Wasim Abusal

Personal information
- Nationality: Palestinian
- Born: 14 June 2004 (age 22) Ramallah, Palestine
- Home town: Ramallah, Palestine
- Height: 1.73 m (5 ft 8 in)

Sport
- Country: Palestine
- Sport: Boxing
- Weight class: Featherweight (−57 kg)
- Club: ElBarrio Gym
- Coached by: Ahmad Harara; Nader Jayousi;

Medal record
Men's boxing
Representing Palestine
Arab Games
| Bronze medal – third place | 2023 Algeria | Featherweight |

= Wasim Abusal =

Palestinian boxer (born 2004)

Wasim Abusal (Note: Also found as Waseem Abu Sal or Saal.) (وسيم أبو سل; born 14 June 2004) is a Palestinian featherweight boxer. He competed at the 2024 Paris Olympics.

== Career ==
Abusal started boxing at the age of 12 in his hometown of Ramallah, encouraged by his father.

He competed in the featherweight category at the 2022 Asian Games in China, finishing 9th. In 2023, he took part in the IBA World Boxing Championships in Uzbekistan. He then won a bronze medal in his category at the 2023 Arab Games in Algeria.

Despite not qualifying from the world tournament, Abusal was given a wildcard to represent Palestine at the 2024 Summer Olympics in Paris, France, becoming the first Palestinian boxer to compete at an Olympic event. He was eliminated during the round of 32. He also served as Olympic flagbearer for his country alongside swimmer Valerie Tarazi at the opening ceremony.

Abu Sal represented his country in the 55 kg category at the 6th Islamic Solidarity Games in Riyadh, Saudi Arabia, in November 2025.

=== Training ===
Abusal welcomed the IOC's decision to invite him to the 2024 Olympics, with his coaches lamenting the obstacles posed to his training and competition schedule by the Israeli occupation of Palestine and the Gaza war.
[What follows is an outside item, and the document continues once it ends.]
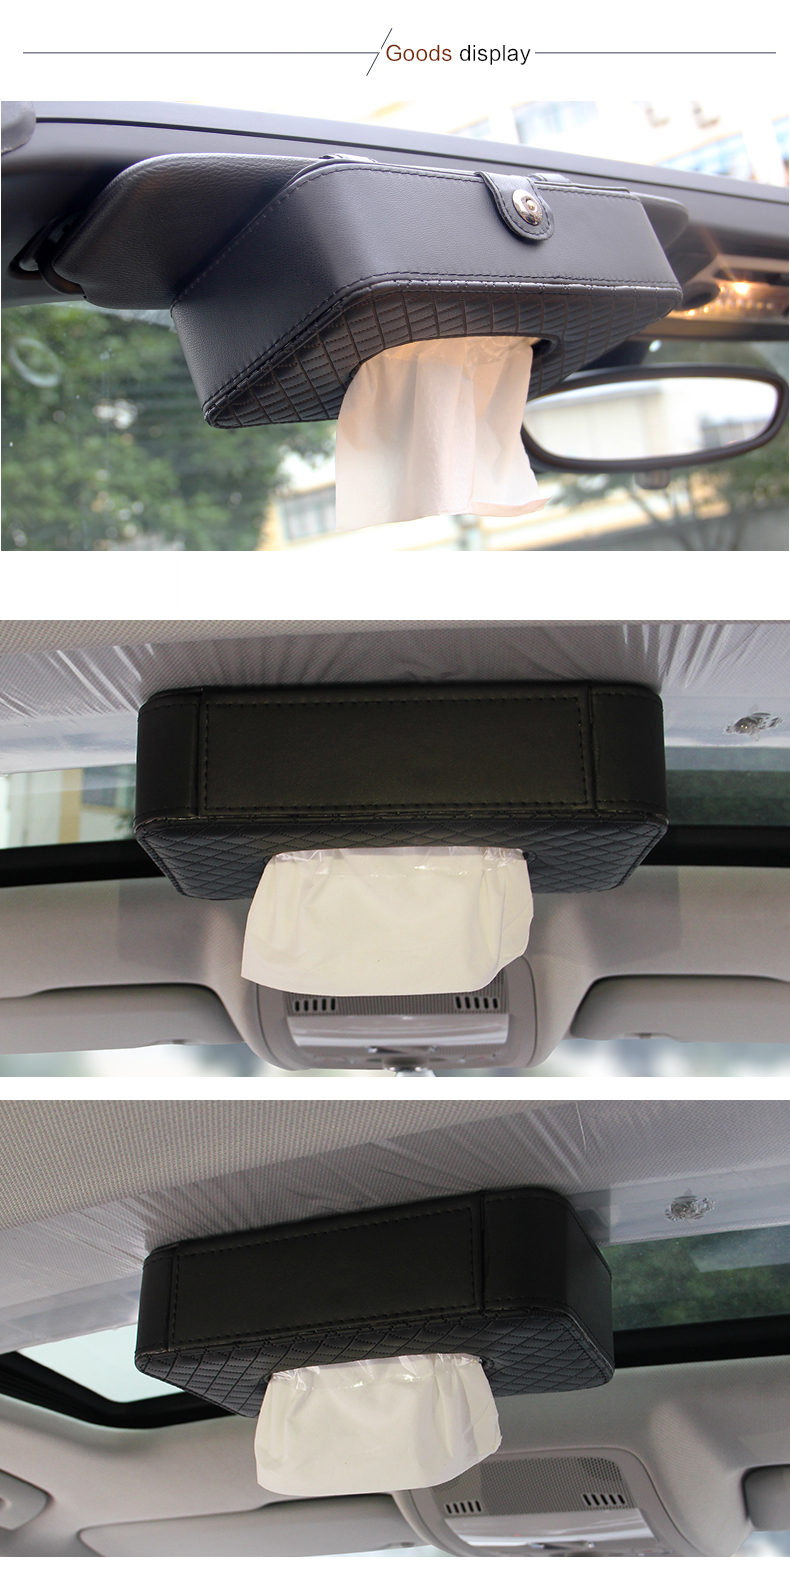 carro, recipiente, toalha, guardanapo, suporte para papel

His main coach, Cairo-based Gazan Ahmad Harara, follows his training via remote connection due to the inability to travel to the West Bank with a Gaza ID, and only meets him during international competitions. Because of movement restrictions within the West Bank and the weakness of the Palestinian passport, Abusal is also unable to meet regularly with boxing partners of his weight, with the only other boxer in Ramallah weighing 71 kg, and to attend all tournaments in Palestine and abroad. The last part of his Olympic training took place in Allonnes, Sarthe.